Work instruction: No pictures, please: print exactly the lines from the one that contains "AC1200 Dual Band" through the last line of the listing.

Data provided:
· · · · · · ·
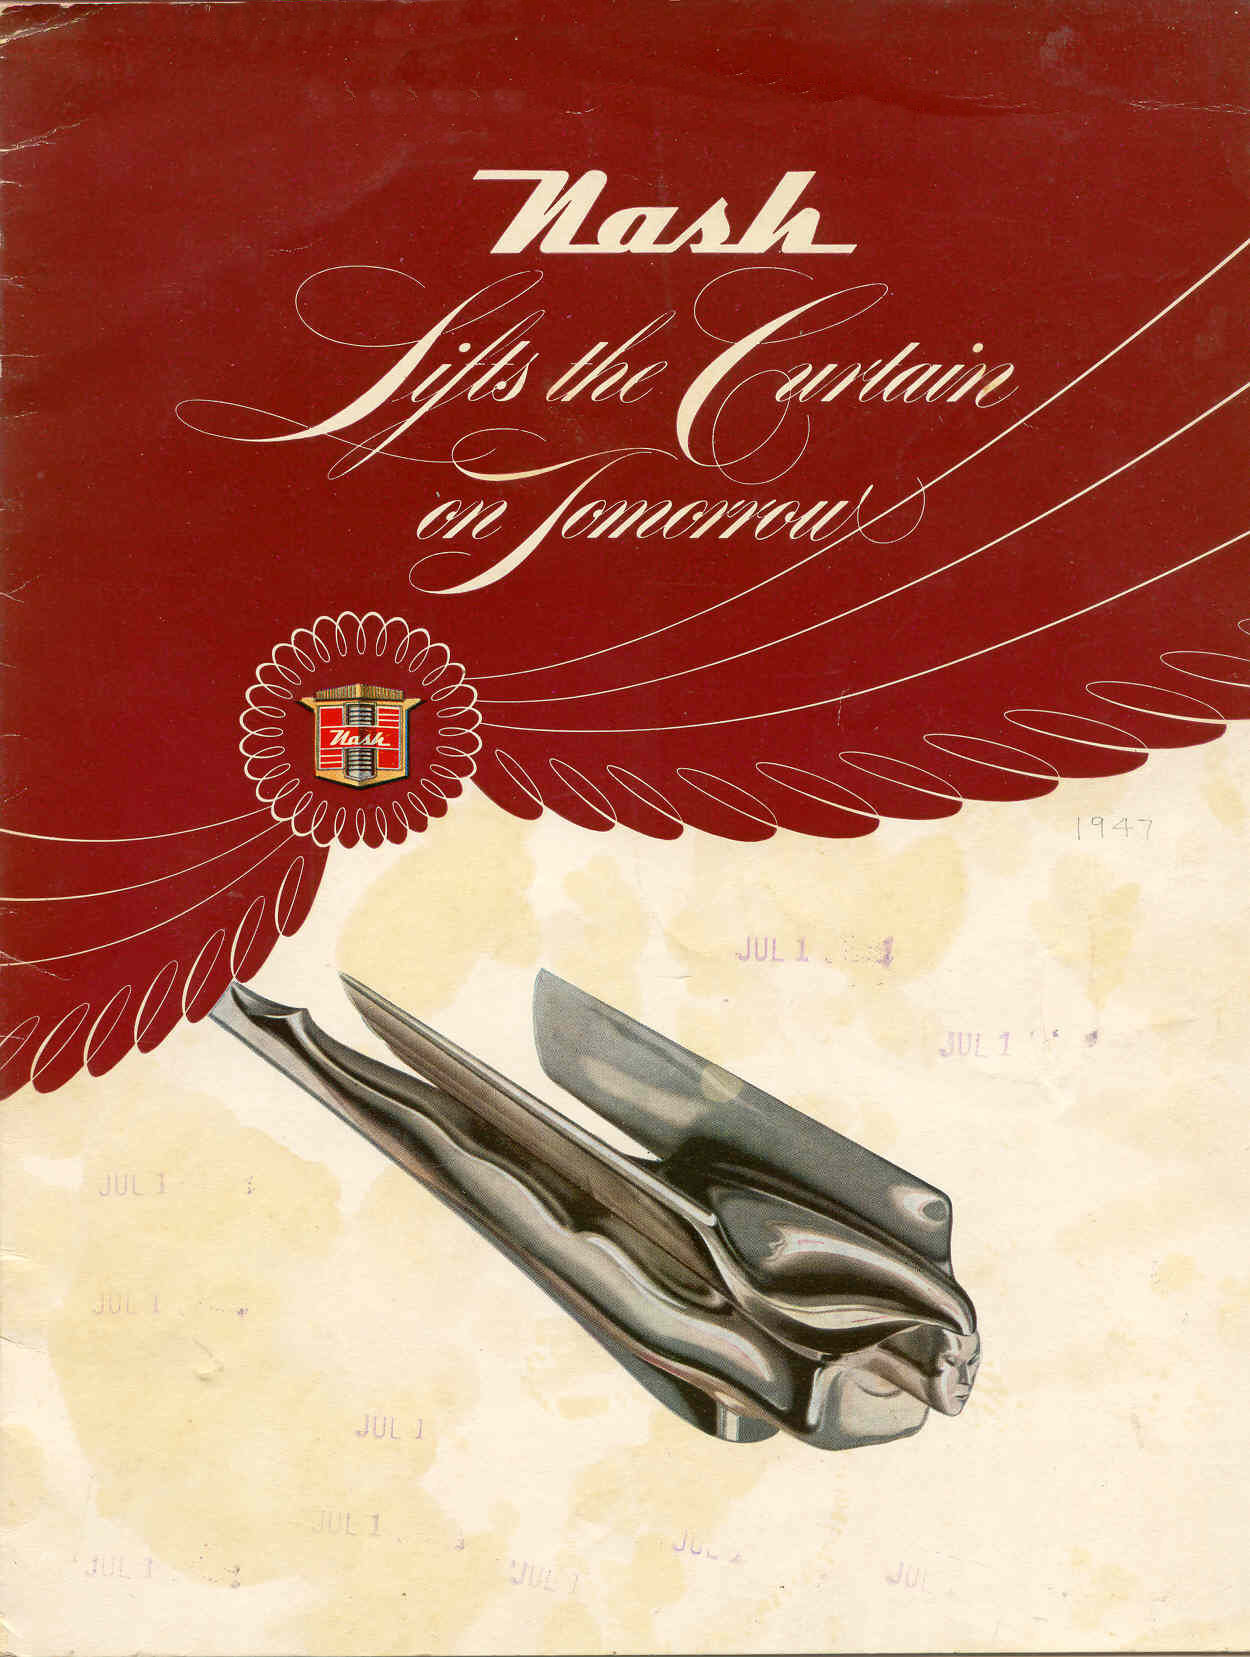 1947 Nash Brochure
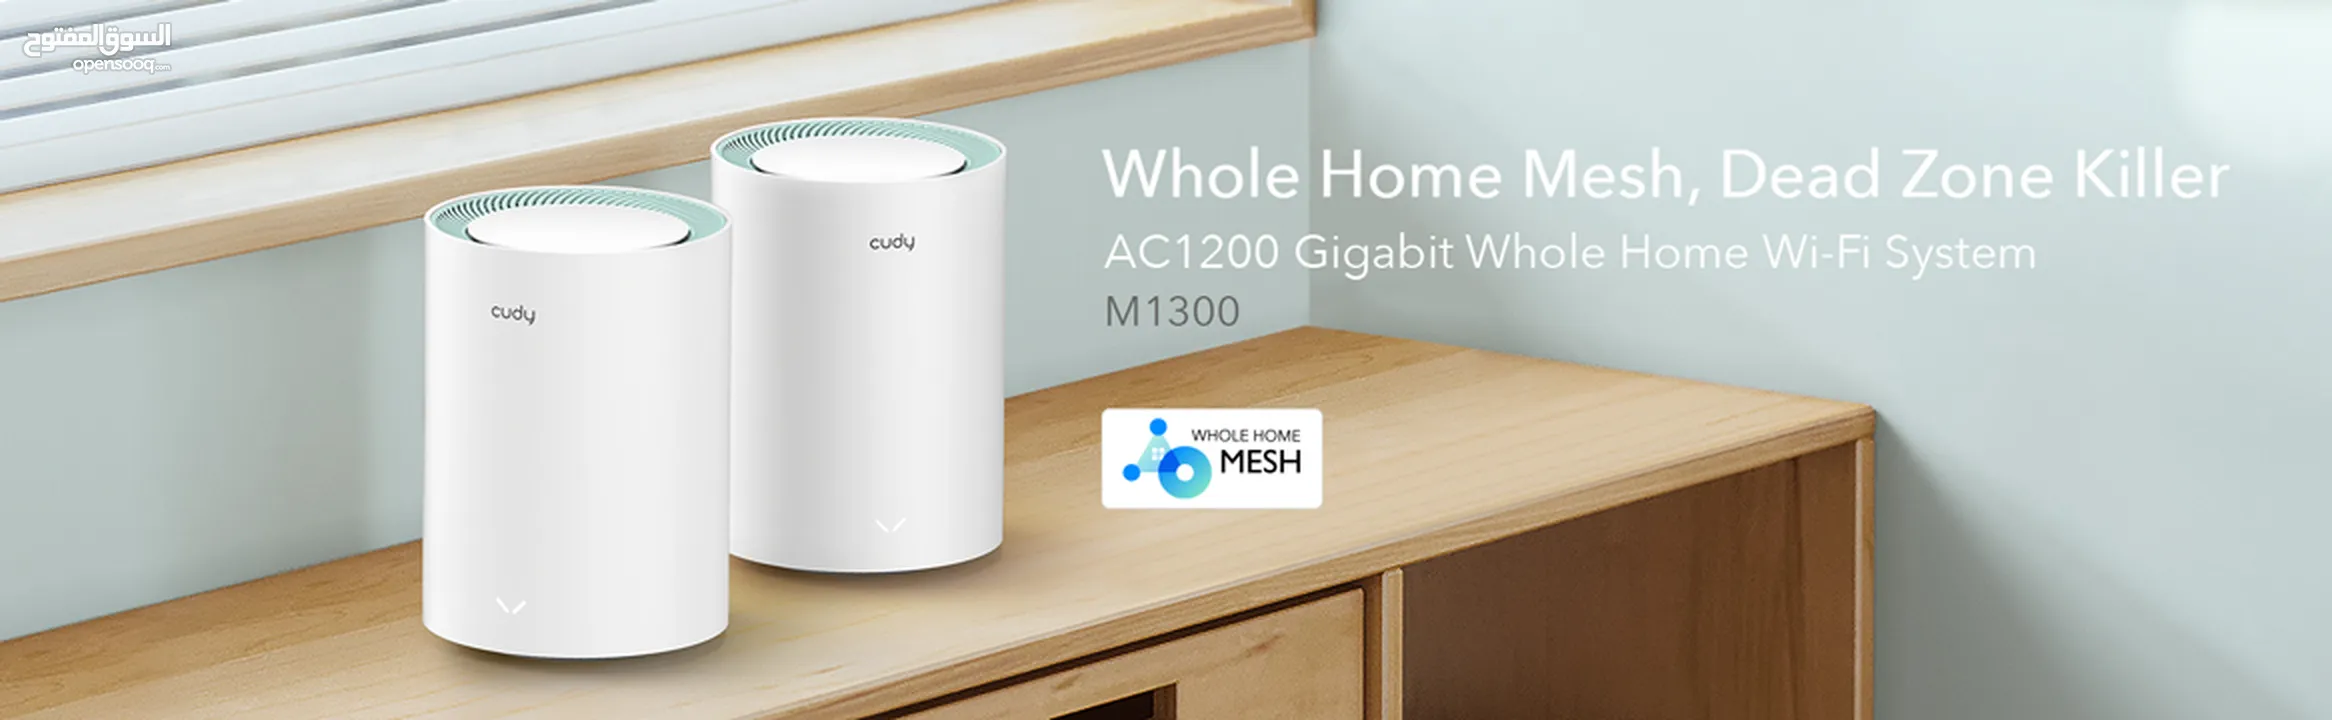 AC1200 Dual Band Whole Home Wi-Fi Mesh System, Model: M1300 جهاز موسع للشبكة ميش كودي أصلي
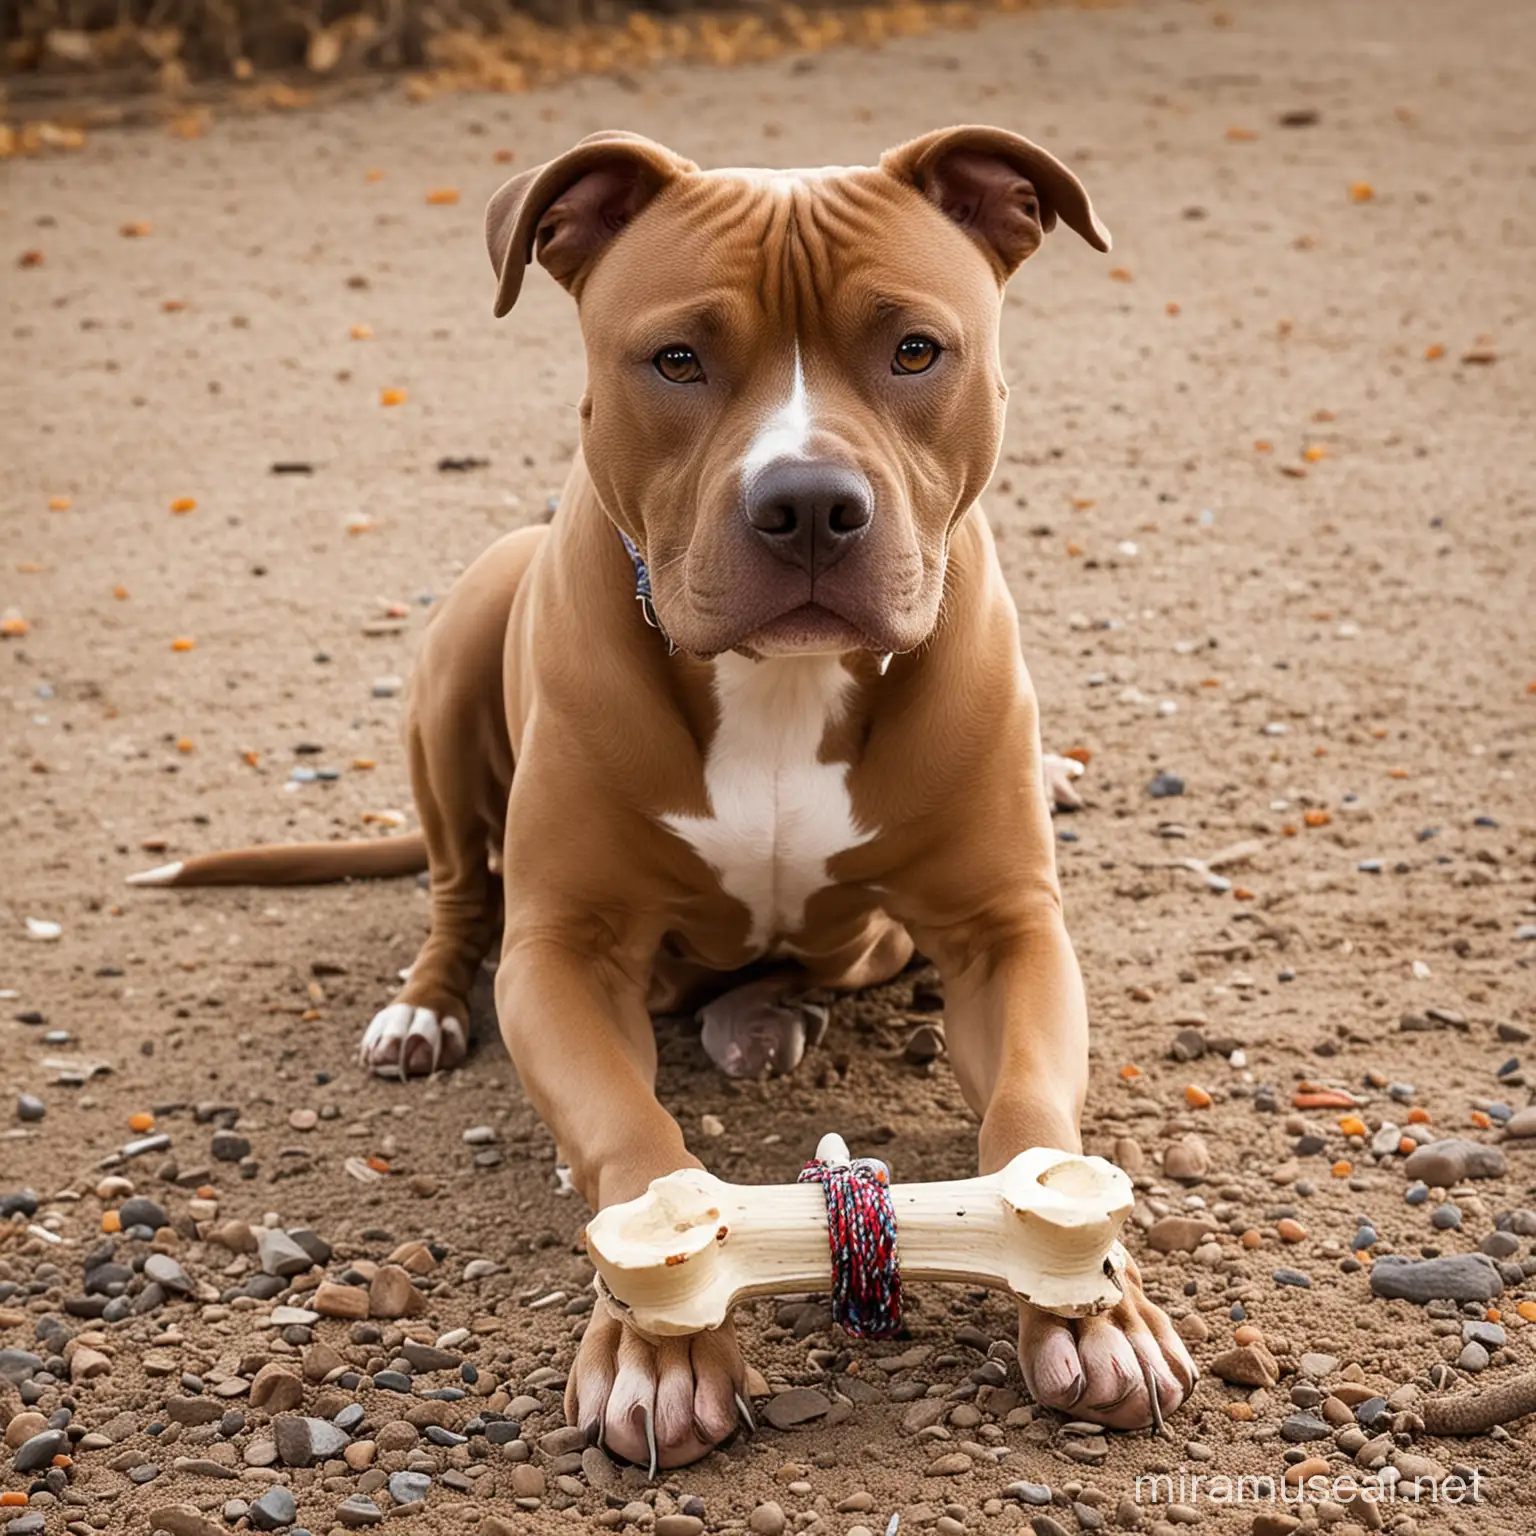 Playful Pitbull with Toy Bone
· · · · · · ·
Response to the exercise:
 AC1200 Dual Band Whole Home Wi-Fi Mesh System, Model: M1300 جهاز موسع للشبكة ميش كودي أصلي
 Playful Pitbull with Toy Bone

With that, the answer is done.